Representative Jim Banks, a staunch conservative with the backing of a deep-pocketed political action committee, opened his bid for an Indiana Senate seat on Tuesday with an ad highlighting his deployment to Afghanistan and issuing a broadside against “radical socialist Democrats.”
Mike Braun, who currently holds the seat and is one of the state’s two Republican senators, will run for governor next year, creating an opening that could lead to a crowded primary fight in the reliably Republican state. Mr. Banks, who recently headed the House’s Republican Study Committee, a conservative caucus that is broader and less confrontational than the House’s Freedom Caucus, turned to the Senate after he lost his bid to be whip, the No. 3 Republican position in the G.O.P.’s new House majority.
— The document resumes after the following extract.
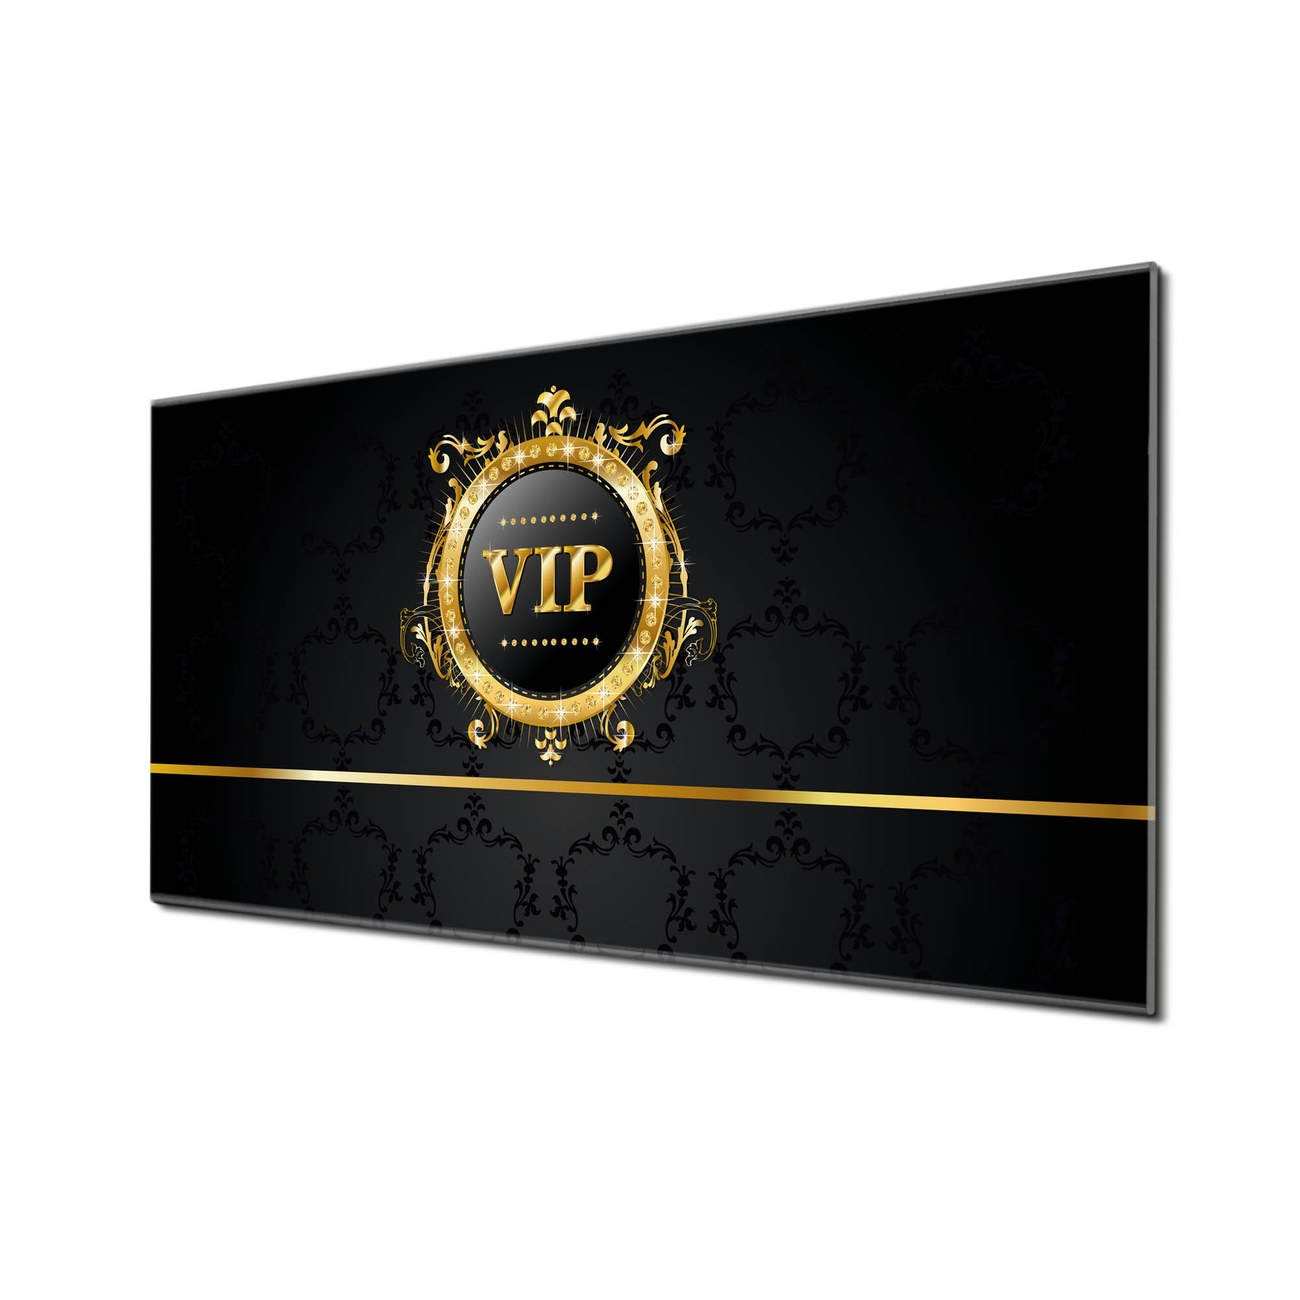 Küchenrückwand Glas Motiv VIP

He enters the contest with the backing of the Club for Growth, a moneyed conservative political action committee that spent millions of dollars to get its preferred House and Senate candidates across the line in the November midterms. The group and its super PAC “are prepared to spend whatever it takes to help Banks secure the nomination and victory,” its president, David McIntosh, said Tuesday.
Club for Growth is already spending money against another possible candidate, the former Indiana governor Mitch Daniels, whom it considers too conciliatory. Mr. Banks also has the endorsement of Representative Larry Bucshon, another Indiana Republican, and Senator Tom Cotton, Republican of Arkansas.
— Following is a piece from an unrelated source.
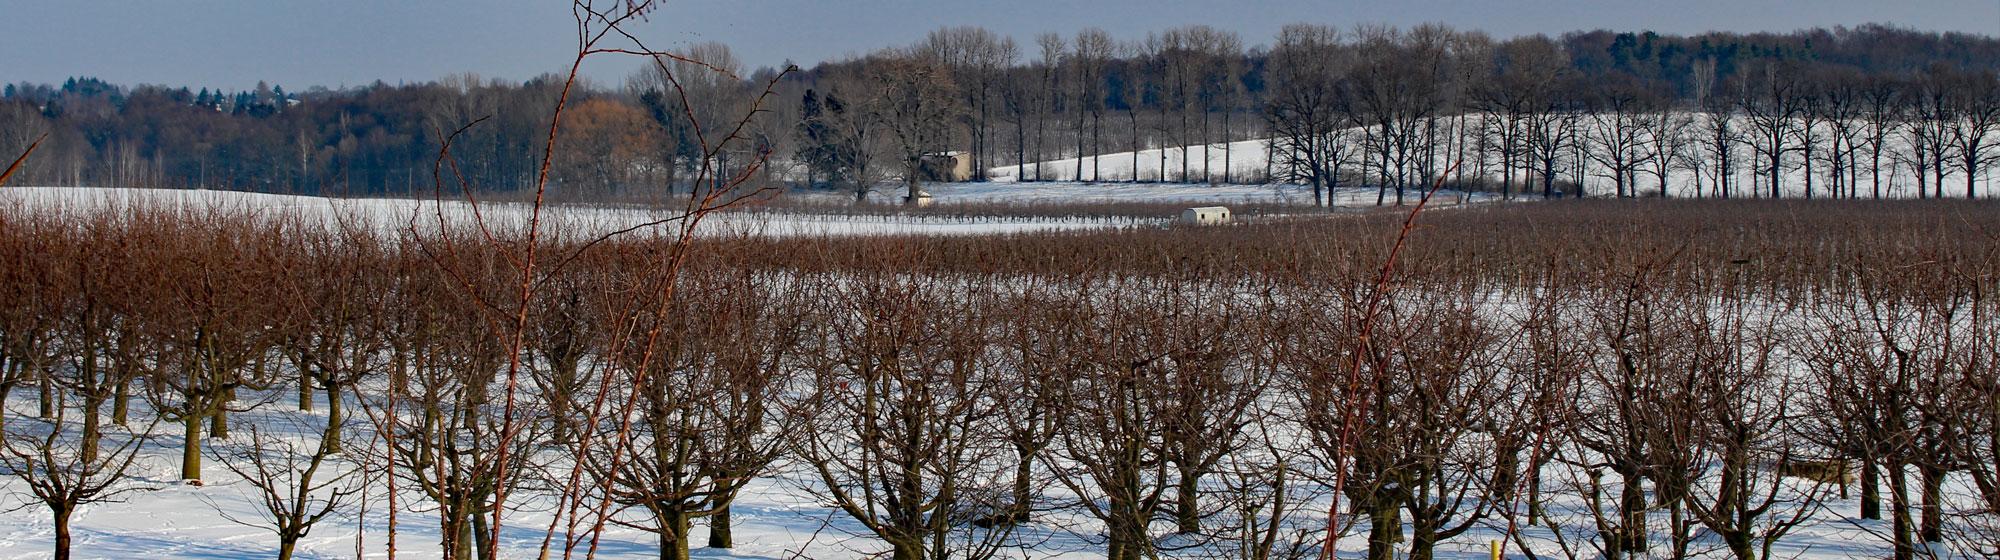 Stadtgut Görlitz Winter-Apfelanlage.jpg

But Indiana’s current governor, Eric Holcomb, who is facing a term limit, is considering a run for the Senate, as is Representative Victoria Spartz, whose Ukrainian birth has elevated her voice in Congress.
In his announcement, Mr. Banks called himself “a small-town kid from a working-class home” with deep roots in Indiana and a record fighting overseas and in Congress for “conservative Hoosier values.” He threw in a nod to former President Donald J. Trump, calling him “the strongest president in my lifetime.”
Mr. Braun, a businessman who had little political experience when he ran against Senator Joe Donnelly, a Democrat, in 2018, beat him by six percentage points. His victory came two years after Representative Todd Young whipped Evan Bayh, a Democrat and former senator who had come out of retirement to try a comeback. Those defeats signaled just how difficult a Democratic comeback in the state would be.
In November, Mr. Young won re-election with nearly 59 percent of the vote.